The results of this particular analysis are a little confusing: how can we have a significant mediation effect without a total effect? One reason for this may be an unmeasured variable acting as a mediator in the opposite direction. For example, maybe the distanced group are writing more during their reappraisal and experiencing the scenario more vividly, making it harder to reduce their negative affect. Using our WC (word count) variable, we can test whether word count differs by condition using a t-test:

## Code

```
t.test(WC ~ Condition, data=data) %>%
report_table() %>%
summary()
```

```
Difference | 95% CI | t(992.23) | p | d
----------------------------------------------------------
-19.76 | [-26.97, -12.55] | -5.38 | < .001 | -0.34
Alternative hypothesis: two.sided
```

These results indicate that word count is indeed higher for the distanced group than the control group, *p* < .001. But does word count interact with condition to predict affect change? We can run a regression model including the WC*Condition interaction term to test this:

## Code

`summary(lm(affect_change ~ WC*Condition, data=data))$coefficients`

```
Estimate Std. Error t value Pr(>|t|)
(Intercept) 39.4170 4.5731 8.619 0.0000000000000000262
WC 0.1730 0.0424 4.083 0.0000479281634697070
Condition 6.6799 6.7735 0.986 0.3242864160600559265
WC:Condition -0.0687 0.0577 -1.189 0.2346184845326609314
```

No! There is no significant interaction effect between word count and condition. (And, we can see that actually the greater the word count, the greater the affect change. So it would definitely not be acting as an opposing mediator in this situation).

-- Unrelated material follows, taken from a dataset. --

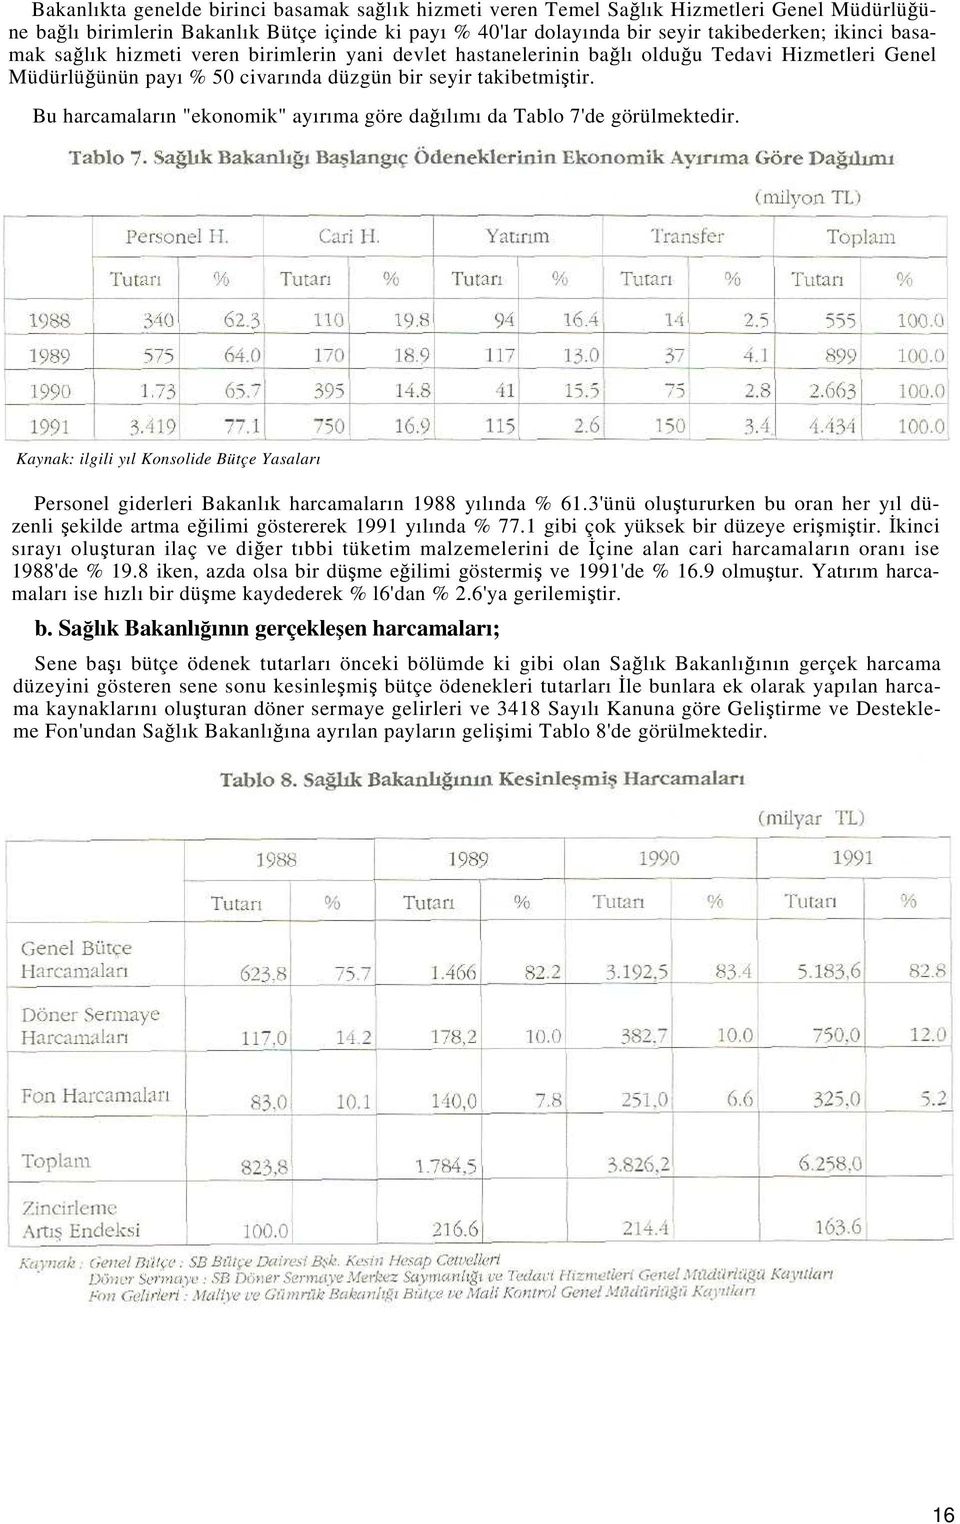 Bu harcamaların "ekonomik" ayırıma göre dağılımı da Tablo 7'de görülmektedir. Kaynak: ilgili yıl Konsolide Bütçe Yasaları Personel giderleri Bakanlık harcamaların 1988 yılında % 61.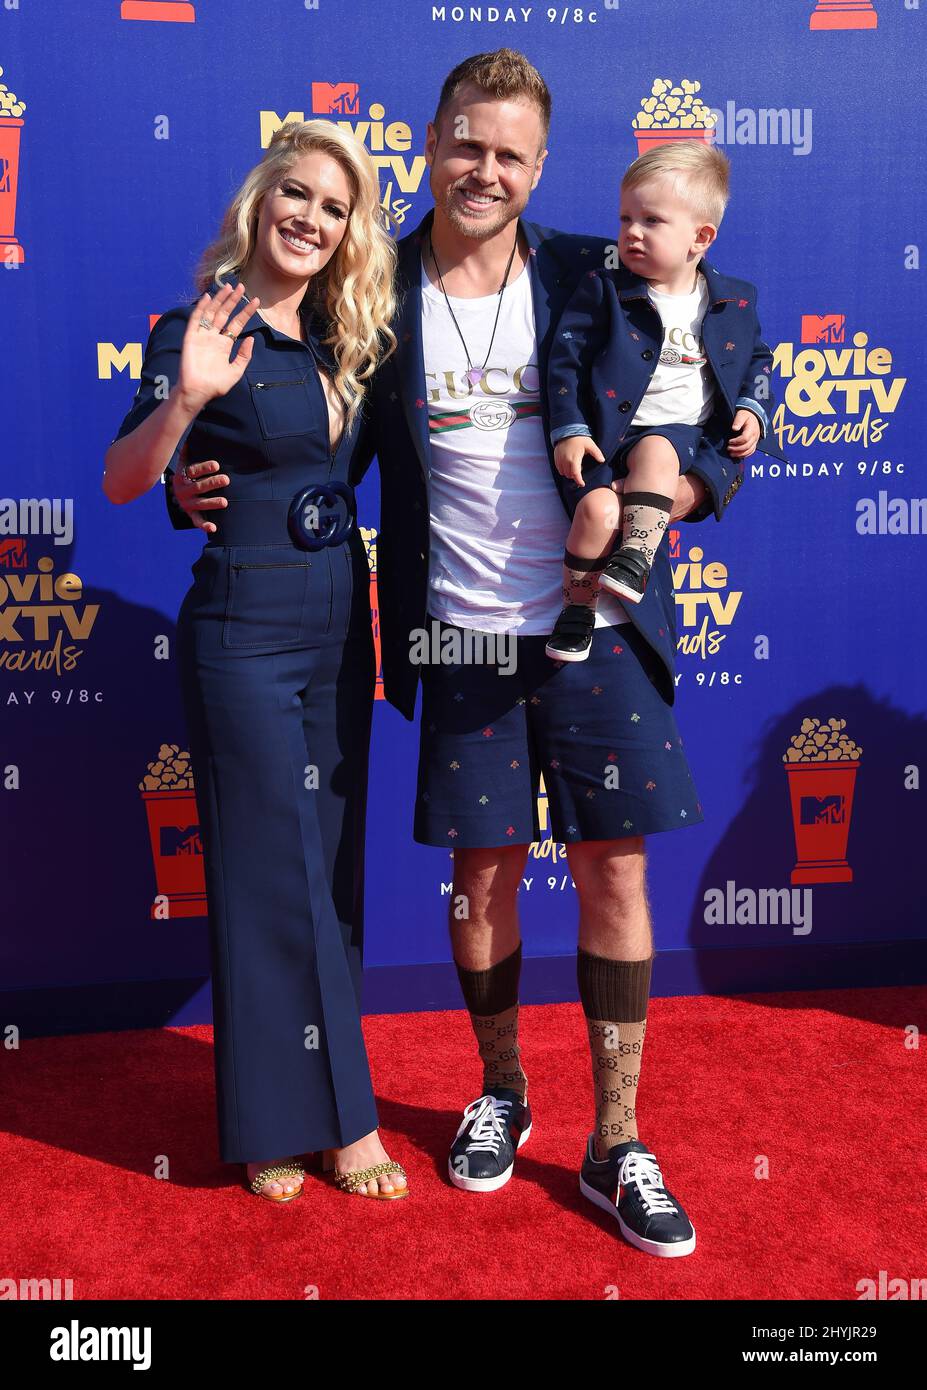 Heidi Montag, Spencer Pratt and Gunner Stone arriving to the MTV Movie & TV Awards 2019 at Barker Hanger on June 15, 2019 in Santa Monica Stock Photo

We have answered the 4 research questions outlined in the Intro, but the interpretation of the mediation results remains uncertain and opens up even more questions. In reality, it is unlikely that there will be a straightforward mediation of an effect, where one mediator fully mediates the association between your IV and DV. It is important to think about other potential mediators, as well as confounders in your study, when carrying out this kind of analysis. Study design is key - ideally, randomized controlled trials should be carried out before running a mediation model.